As we discovered in the [Introduction](Introduction.ipynb), HoloPlot provides two ways of working. For convenience we will stick with the patching approach here, and for demonstration purposes we will use the ``intake`` library which is a Python API for bulk loading of data using a declarative YAML specification. To begin with we import our libraries and patch intake with the HoloPlot API:

In [None]:
import intake
import numpy as np
import holoplot.pandas
import holoplot.dask

Intake's ``DataSource`` objects will now support the HoloPlot plot API. The HoloPlot API closely mirrors the [Pandas plotting API](https://pandas.pydata.org/pandas-docs/stable/visualization.html), but instead of generating static images when used in a notebook, it uses HoloViews to generate either static or dynamically streaming Bokeh plots.
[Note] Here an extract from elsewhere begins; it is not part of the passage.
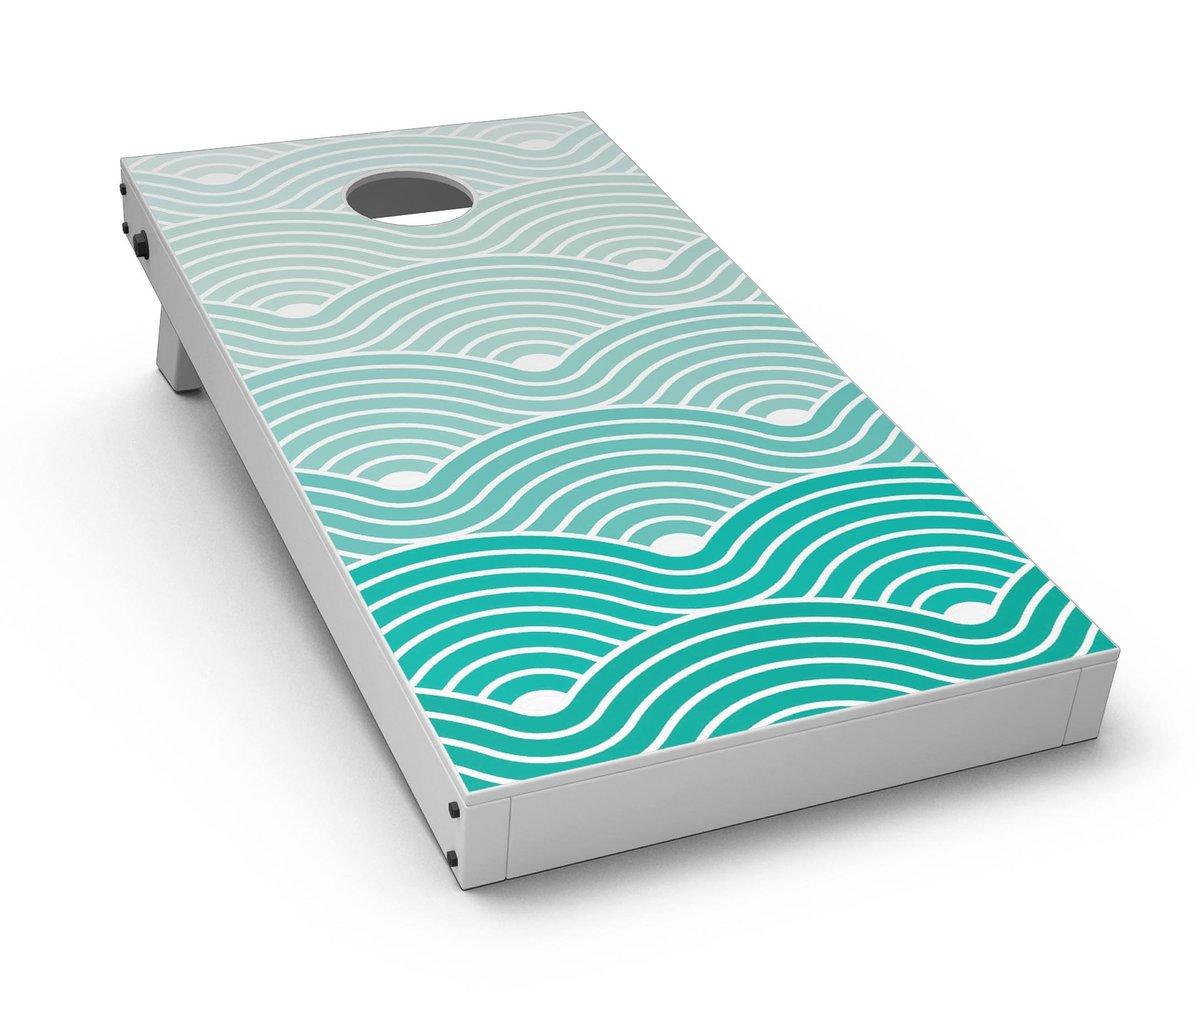 Beach Hotel Wallpaper Waves CornHole Board Skin Decal Kit 1200x1028

Static plots can be used in any context, while streaming plots require a live [Jupyter notebook](http://jupyter.org) or a deployed [Bokeh Server app](https://bokeh.pydata.org/en/latest/docs/user_guide/server.html).

HoloViews provides an extensive  very rich set of objects and operations on them, as you can find out in the [HoloViews User Guide](http://holoviews.org/user_guide/index.html). But here we will focus on the most essential mechanisms needed to make your data visualizable, without having to worry about the mechanics going on behind the scenes.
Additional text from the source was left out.